Things weren’t going well for Sigmund, a caricature artist who lived above the bicycle shop downtown. He had very little money. He had no one to love or to be loved. And no one wanted to buy his art.
“Quite frankly, it stunk!” said priest and part-time art critic for the Neighborhood News, Father Flanagan of St. Agnes Church.
He explained. “When you’re a caricature artist who depicts customers in a way that doesn’t look anything like them, well, you’re not going to win too many people over. Also, Vietnam was still going on, and back home there was an oil crisis that made people wait in long lines to get gas. Folks were running in circles even when they were standing still.”
But Sigmund didn’t pay attention to current events like most artists do. He thought the world revolved around him. Proudly he displayed his art in the windows above the bicycle shop, his art of course being about a dozen caricatures of people from the neighborhood who never bothered to come and pick them up. Frank Lovello was one of Sigmund’s subjects.
“Aren’t you afraid someone’ll recognize you hangin’ up in ol’ Sigmund’s bedroom window?” asked Vickie DelVeccio of DelVeccio’s Floral Shop & Polish-Italian Deli on Granger Road.
“Who the hell’s gonna know that’s me! I look like Marlon Brando up there, and as you can see, I don’t look like Marlon Brando down here!”
So people laughed at Sigmund, told him he shouldn’t quit his day job.
“What’s that, oh this is your day job? Well then don’t quit your night job!”
Sigmund knew he needed to gain attention, but how? Well, he was barely eating, so going on a hunger strike wasn’t a stretch. Of course he would have to give up Pop Tarts. He loved Pop Tarts, practically lived on them! He would definitely make a statement by not eating Pop Tarts.
Beanie, the grocer at the top of the street, was the first to tip off the cops.
“I think you better check in on Sigmund. He hasn’t been around for his Pop Tarts in over a week!”
So the cops went over and knocked on Sigmund’s door. BANG-BANG-BANG-BANG! Sigmund had a very loud door.
“Sigmund, open up! Are you okay in there?” asked the cop named Mike.
“Go away! I’m fasting!”
“Fasting? Fasting for what? It’s not Lent, Sigmund. Open up, we just wanna talk.” said Mike.
“No! I’m on a full-blown hunger strike!”
“Sigmund, you’ve got one minute before I beat down this door and shove a turkey pot pie down your throat!”
That was Phil. He was Mike’s partner. Of the two, Phil was more likely to play the bad cop whenever Officer Mike and Officer Phil went good cop/bad cop on somebody.
“But you don’t understand! My art cries out for customers, but…but…but they all run away!”
“Maybe he needs to find customers who don’t have legs,” Mike whispered to Phil so Sigmund wouldn’t hear.
“I heard that!”
“C’mon Sigmund! If you don’t eat, you’ll die. And if you die, a lot of people ‘round here will be sad!” said Mike.
“Like who?”
“Beanie, for starters. Who’d you think told us about you?”
“He’d just miss my business. I buy all my Pop Tarts from him.”

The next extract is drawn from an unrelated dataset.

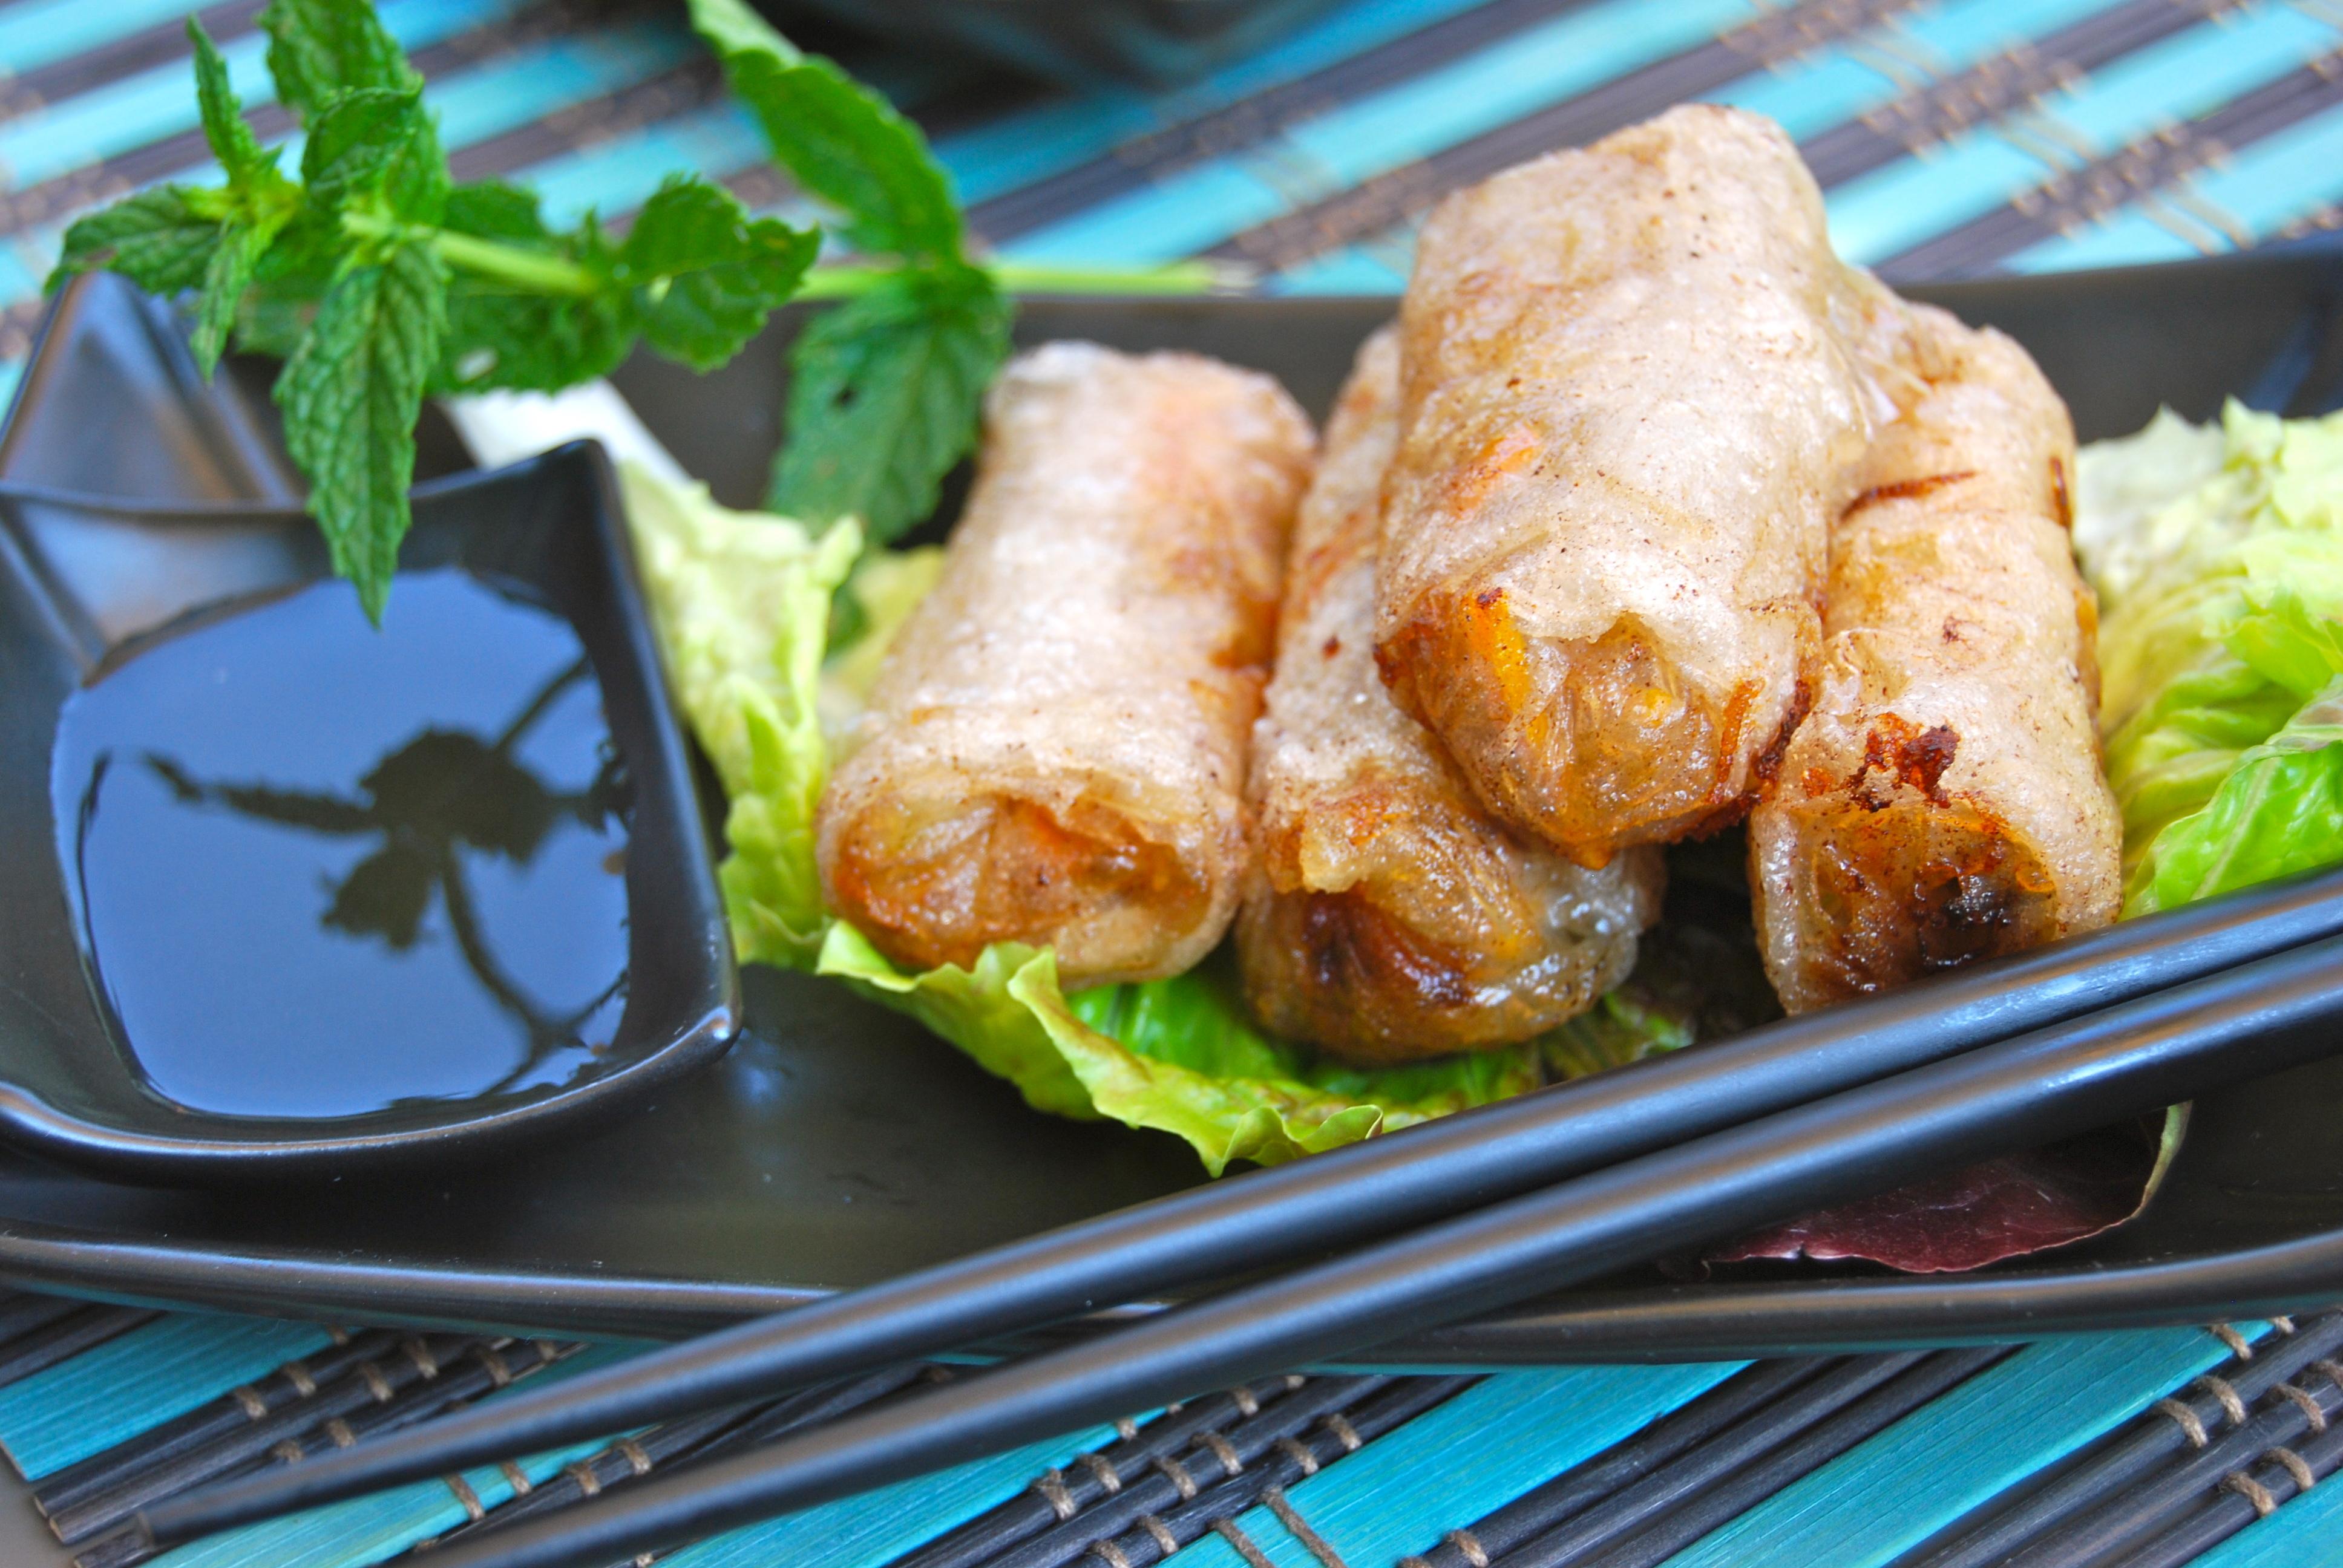 Nems vietnamiens my cooking instinct Nems vietnamiens

“Yeah, we heard. By the way, he wanted you to have this.”
Officer Phil slid a Pop Tart under the door. A moment of silence on the other side was followed by the sound of paper unwrapping, then bites and chewing, dry lips smacking. Sigmund swallowed and leaned against the door to collect his thoughts.
“Uh, Sigmund?” said Mike.
“Oh hell, tell everyone the hunger strike is over!”
“They’ll be happy to hear that, Sigmund! By the way, Sigmund?”
“Yeah?”
“My wife and I are celebrating our 5th anniversary next week. Think we can come over and have you draw us?”
“I have a thing against drawing guns, Officer Mike, but you’ve been so nice…”
“Sigmund! It’s for me and my wife. She has a thing about guns, too. I’ll be in my street clothes.”
“In that case, call me tomorrow and I’ll pencil you in for a sitting.”
“Alright Sigmund. Eat a good meal. We’ll stop by later to see how you’re doing.”
After the officers left, Sigmund ate a box of cherry Pop Tarts he had stashed in a cabinet the day before his hunger strike started. Then he started drawing pictures of George Washington, which for some reason just came to him out of the blue. His hunger strike lasted 7 days. He did some of his best work during that time. He even sold a caricature of his mailman, who looked nothing like the guy in the picture. The mailman liked it anyway, because Sigmund gave him more hair than he had in real life, and a lot less fat around the middle!